Monday, April 21, 2008

Globalization, Globalisation, and the Pope

I was astonished to hear this clip on the BBC yesterday morning, from one of the Pope's New York speeches, and it took a while to find it here on Vatican Radio.

Globalization has humanity poised between two poles. On the one hand, there is a growing sense of interconnectedness and interdependency between peoples even when – geographically and culturally speaking – they are far apart. This new situation offers the potential for enhancing a sense of global solidarity and shared responsibility for the well-being of mankind. On the other hand, we cannot deny that the rapid changes occurring in our world also present some disturbing signs of fragmentation and a retreat into individualism. The expanding use of electronic communications has in some cases paradoxically resulted in greater isolation. Many people – including the young – are seeking therefore more authentic forms of community. Also of grave concern is the spread of a secularist ideology that undermines or even rejects transcendent truth. The very possibility of divine revelation, and therefore of Christian faith, is often placed into question by cultural trends widely present in academia, the mass media and public debate.


When you think about it, without a doubt the Catholic Church is probably one of the first and the original of all Globalist Institutions. Therefore although it is heartening to hear anything intelligent said at all, it is rather disappointing to hear only that
"we cannot deny that the rapid changes occurring in our world also present some disturbing signs of fragmentation and a retreat into individualism"


So here we have the Pope, saying that the Catholic Church regards the biggest threat from Globalisation to be the threat to its power.

I would like to teach the Catholic Church to Love the Planet. They need to learn.

Saturday, April 19, 2008

Chinese boycotting French Goods

The interesting bit is that Carrefour has got 100 hypermarkets in China. Is it obvious yet that globalization is a disease that covers the face of the Earth?

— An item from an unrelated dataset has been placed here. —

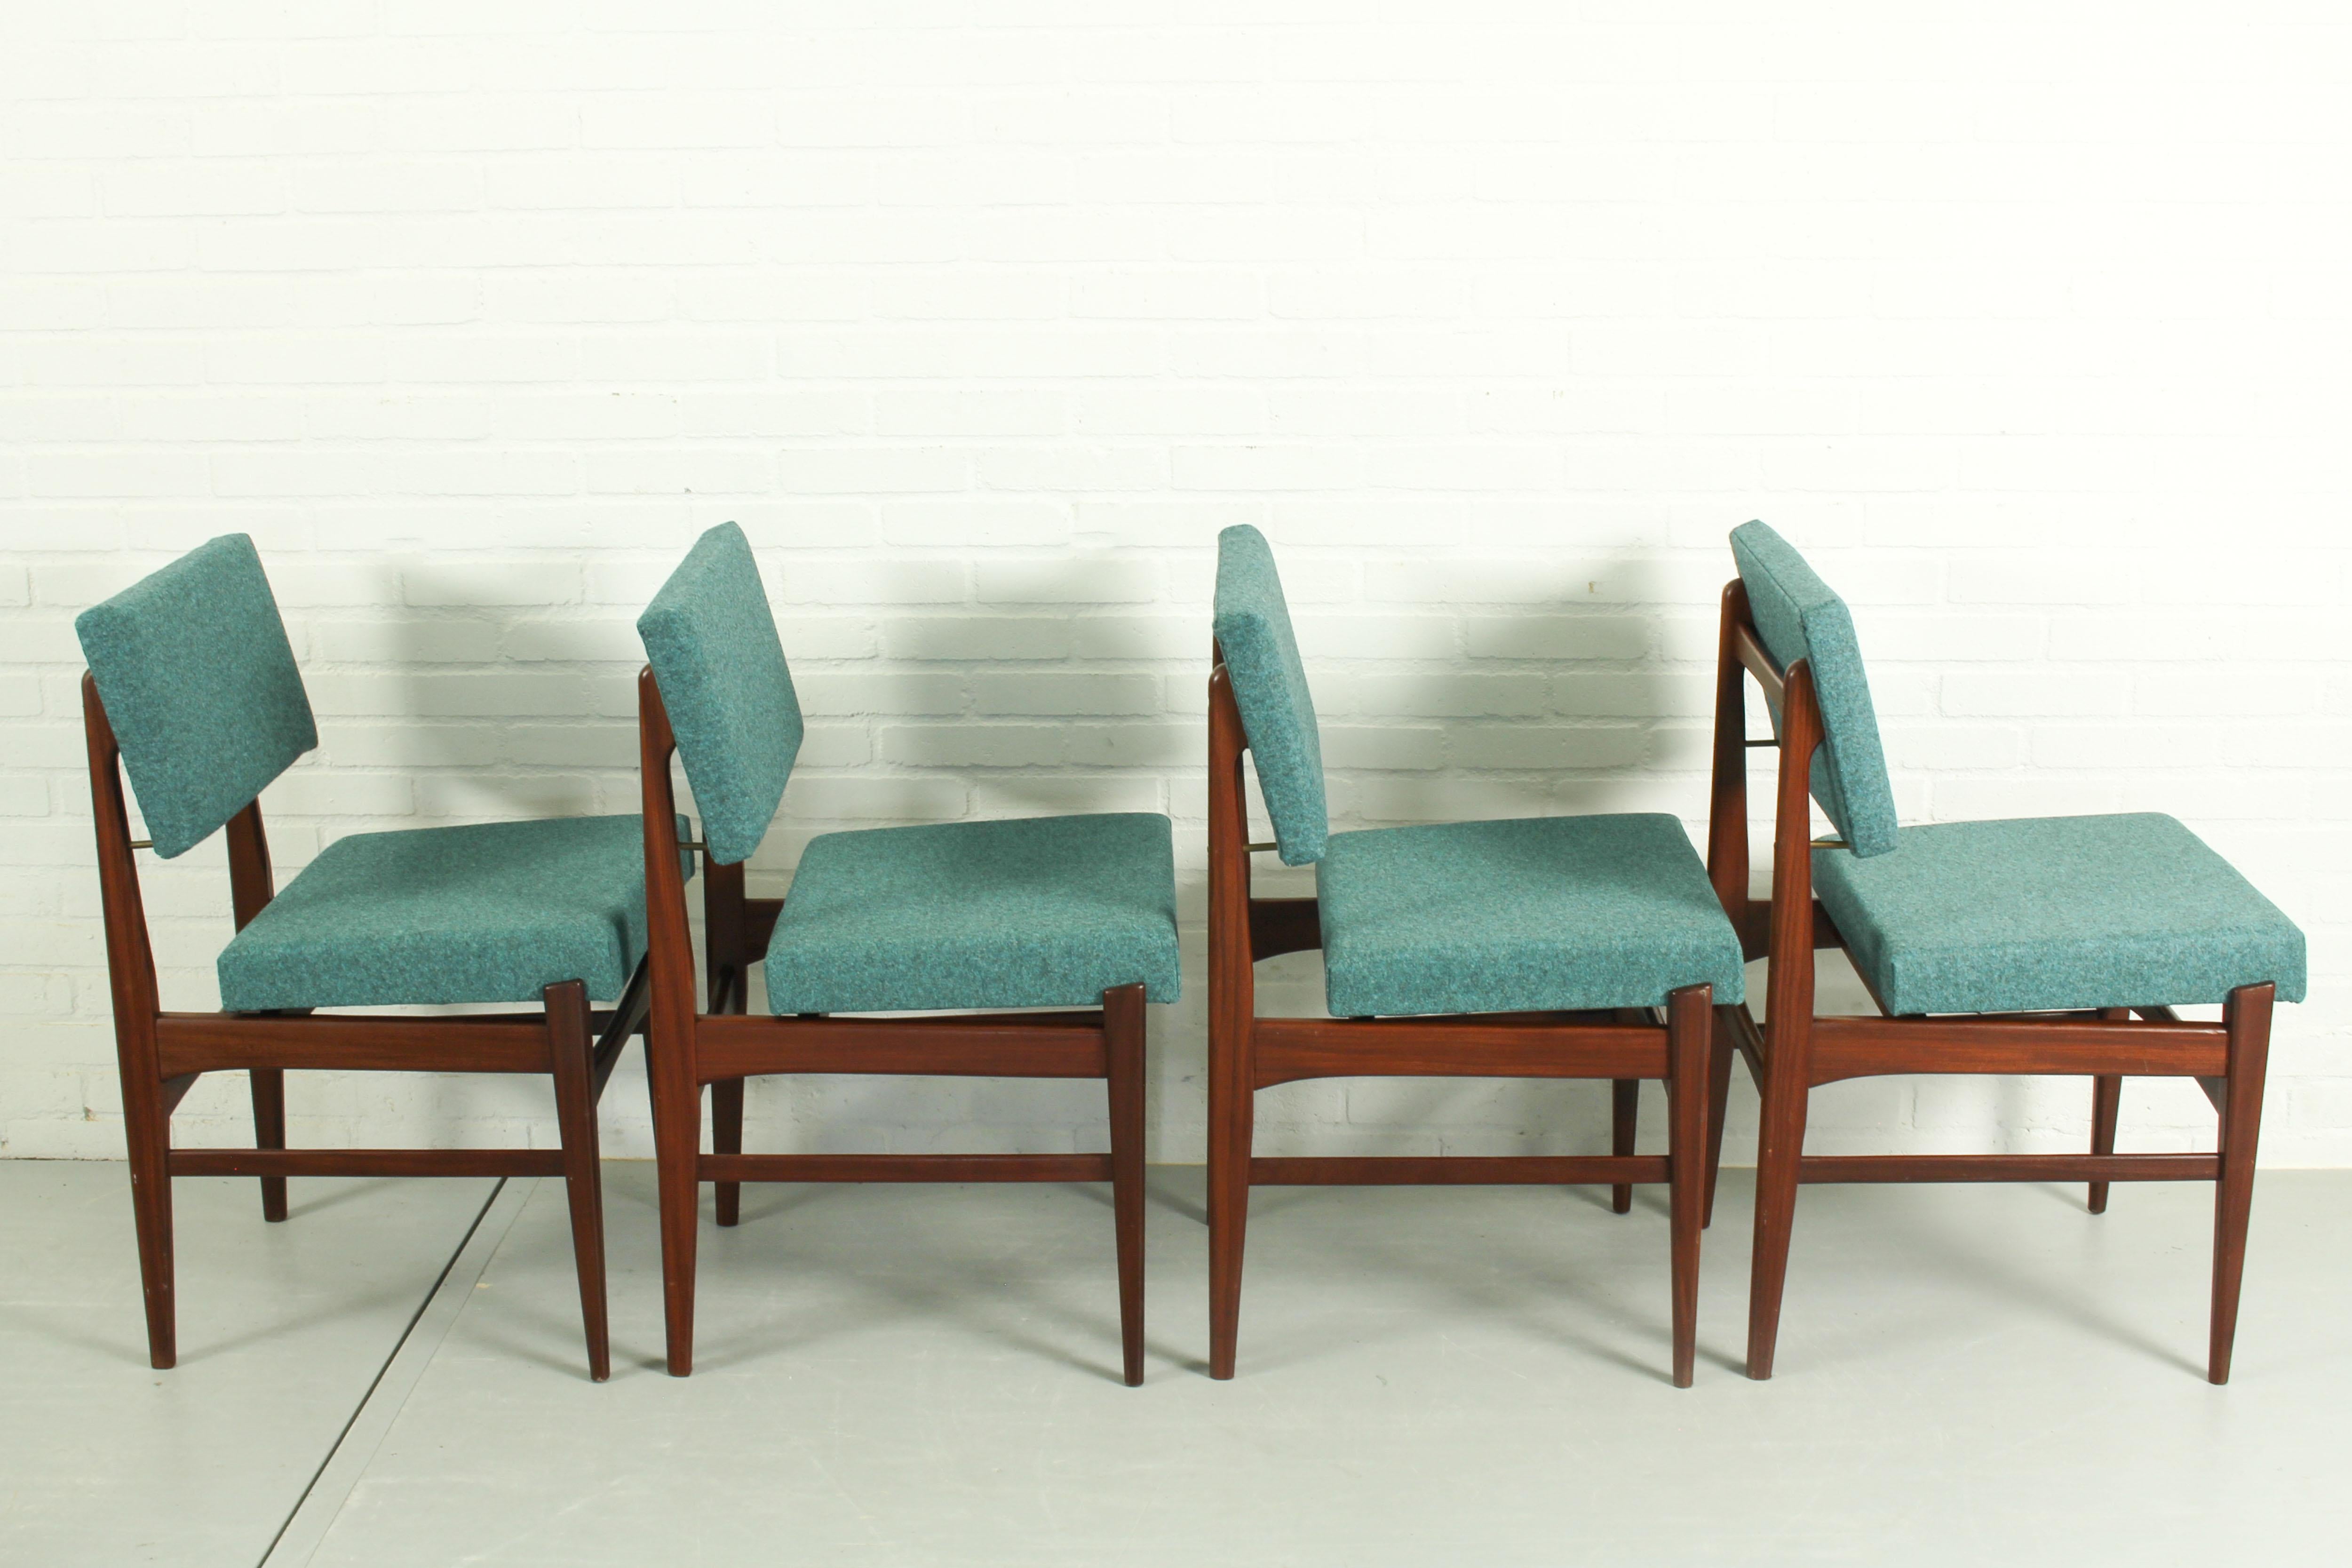 20th Century Dining chairs and Dining Table by Louis van Teeffelen for Wébé, The Netherlands  For Sale

Will the bourgeois wealthy in Beijing and Shanghai join the boycott? I can't imagine how the Chinese will live without brandy. They might have to go back to rice wine. As for the working class? They'll just have to give up booze, because rice prices are at record levels.

Friday, April 18, 2008

The Green Party in the London Elections

Following on from the absence of economic policy in the London mayoral elections here we have Sian Berry in the New Statesman. Well, it's a shame that she's playing up slightly to her hair colour, because in this non-sexist, non-racist, non-denominational, non-bigoted 2008 version of Babylon 5 called London, I had hoped for a piercing, raging, unassailable, thunderbolt of a political campaign from the Greens this year.

Oh well, too much lettuce, I guess.

Never mind, when everything becomes extinct, there will so much less chance of being reincarnated as something creepy crawly.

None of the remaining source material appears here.